If you needed that kind of pressure everyone's joinery except large factories would fail.


----------



## Ger21 (Oct 29, 2009)

I'm also curious as to how you plan on making clamps that can apply 60 tons of pressure.  Or do you only need 30 tons now??


----------



## CharlieM1958 (Nov 7, 2006)

I'm from the school that says "tight enough for a little squeeze out is tight enough". Too tight and you'll squeeze *too much* glue out of the joint.


----------



## childress (Sep 14, 2008)

It all depends on the specific gravity of the wood and grain being clamped. In hardwoods, flatsawn boards require twice as much force as quarter sawn boards. And yes Ger21 it can take that much pressure.

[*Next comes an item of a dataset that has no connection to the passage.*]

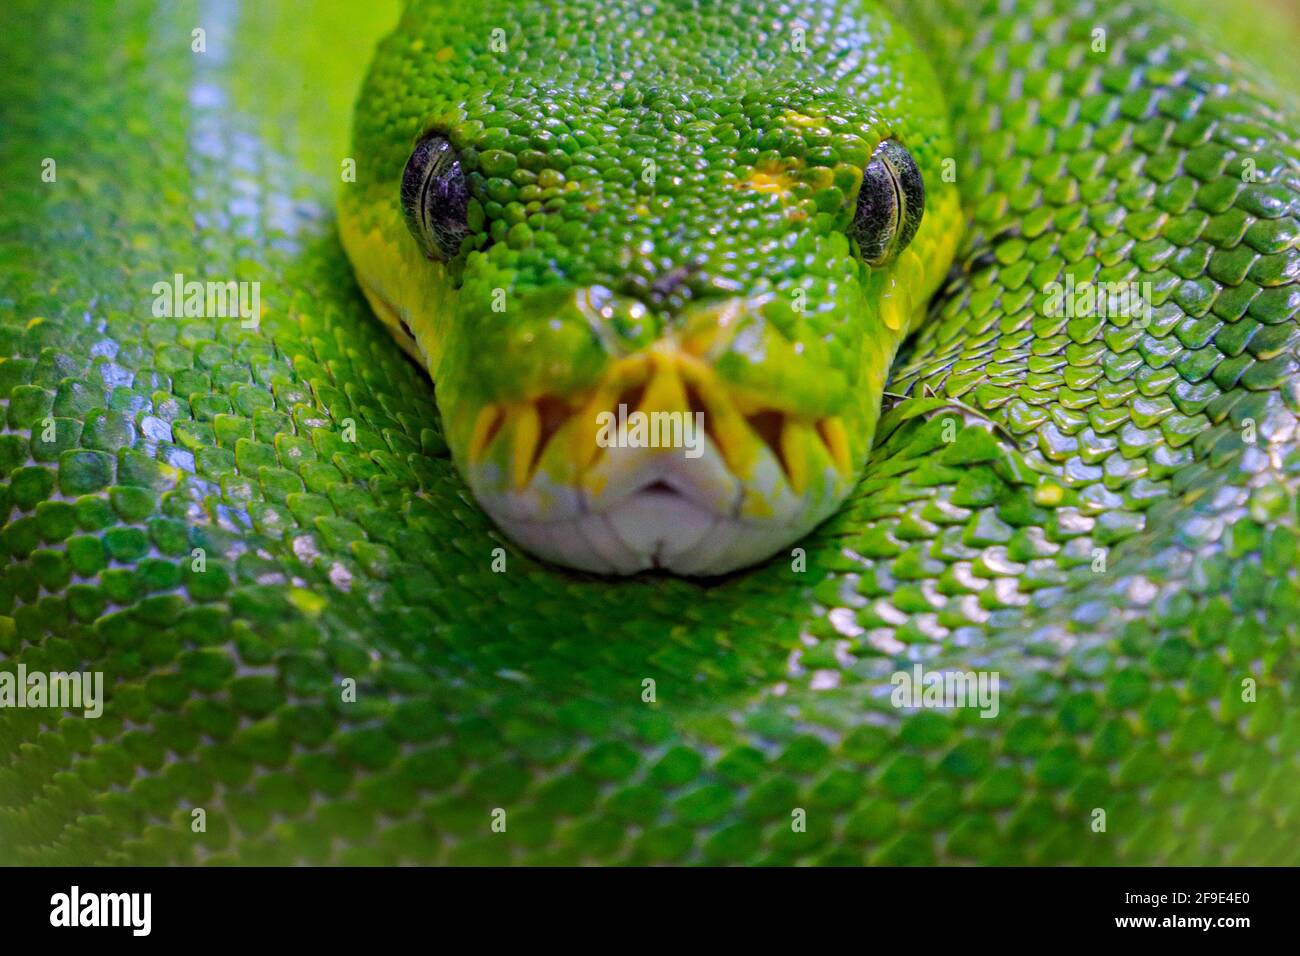 Grüner Baumpython, Morelia viridis, Schlange aus Indonesien, Neuguinea. Detail Kopf Porträt der Schlange, im Wald. Reptil im Waldlebensraum. Wil Stockfoto
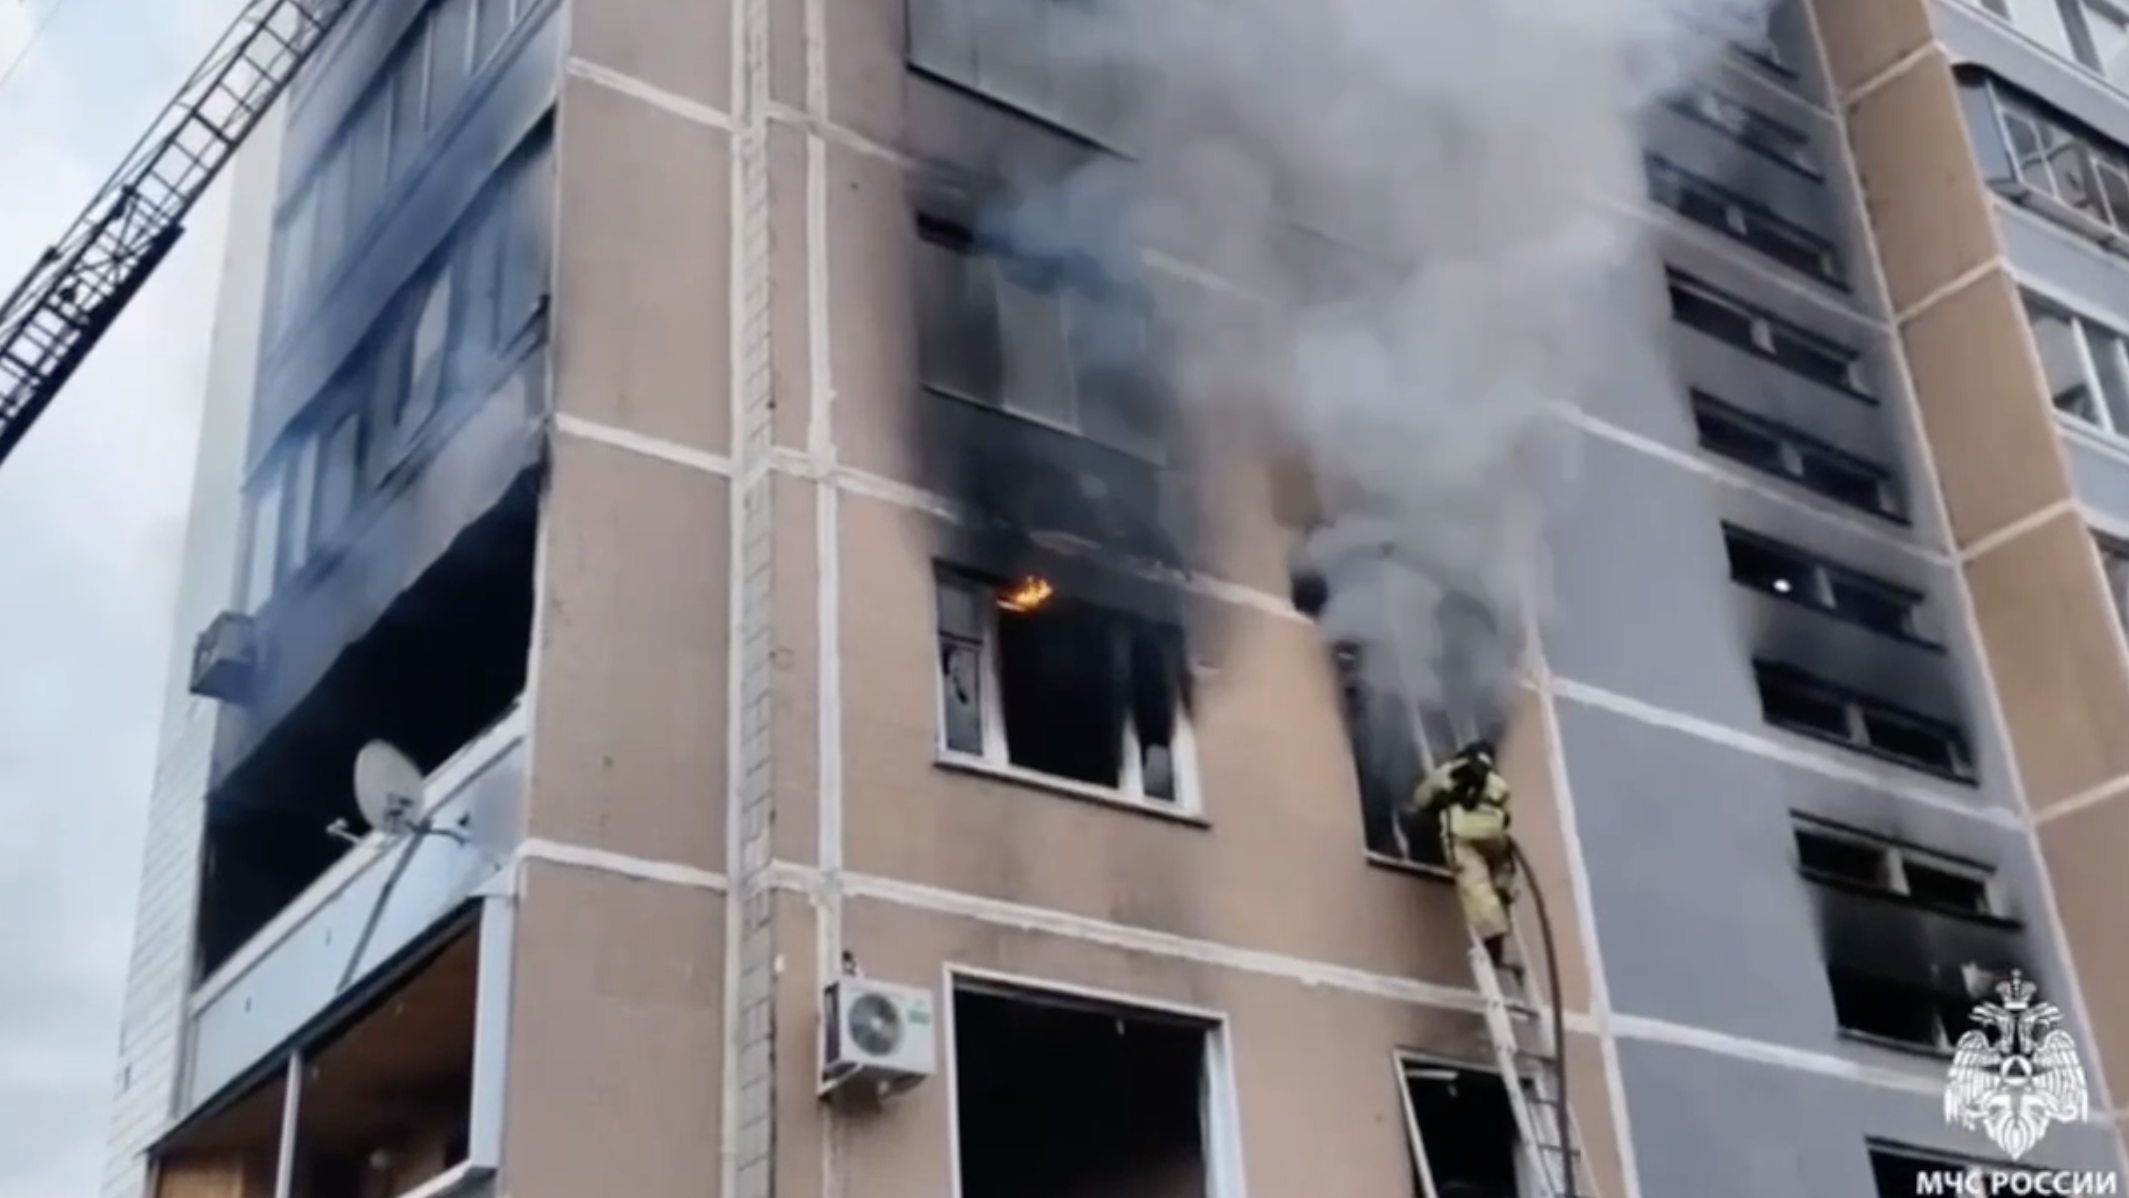 «Ребенка выбросило из окна взрывной волной»: очевидцы — о страшном пожаре на Корунковой, в котором погибли три человека

This is to get an ideal glue joint. You can join two boards together with less pressure, but the joint won't be as strong and will have the *possibility* of failing over time.

60grit. 540 sq.in. is a huge glue joint. If you are laminating mutiple boards together, you only have to calculate one glue joint. This is because the pressure (if clamped right) is spread equally throughout the lamination. Oh, it's also impossible to squeeze out *too much* glue from a joint with hand clamps. try it.


----------



## Tony_S (Dec 16, 2009)

There's WAY too much 'Rocket science' flying around here! LOL!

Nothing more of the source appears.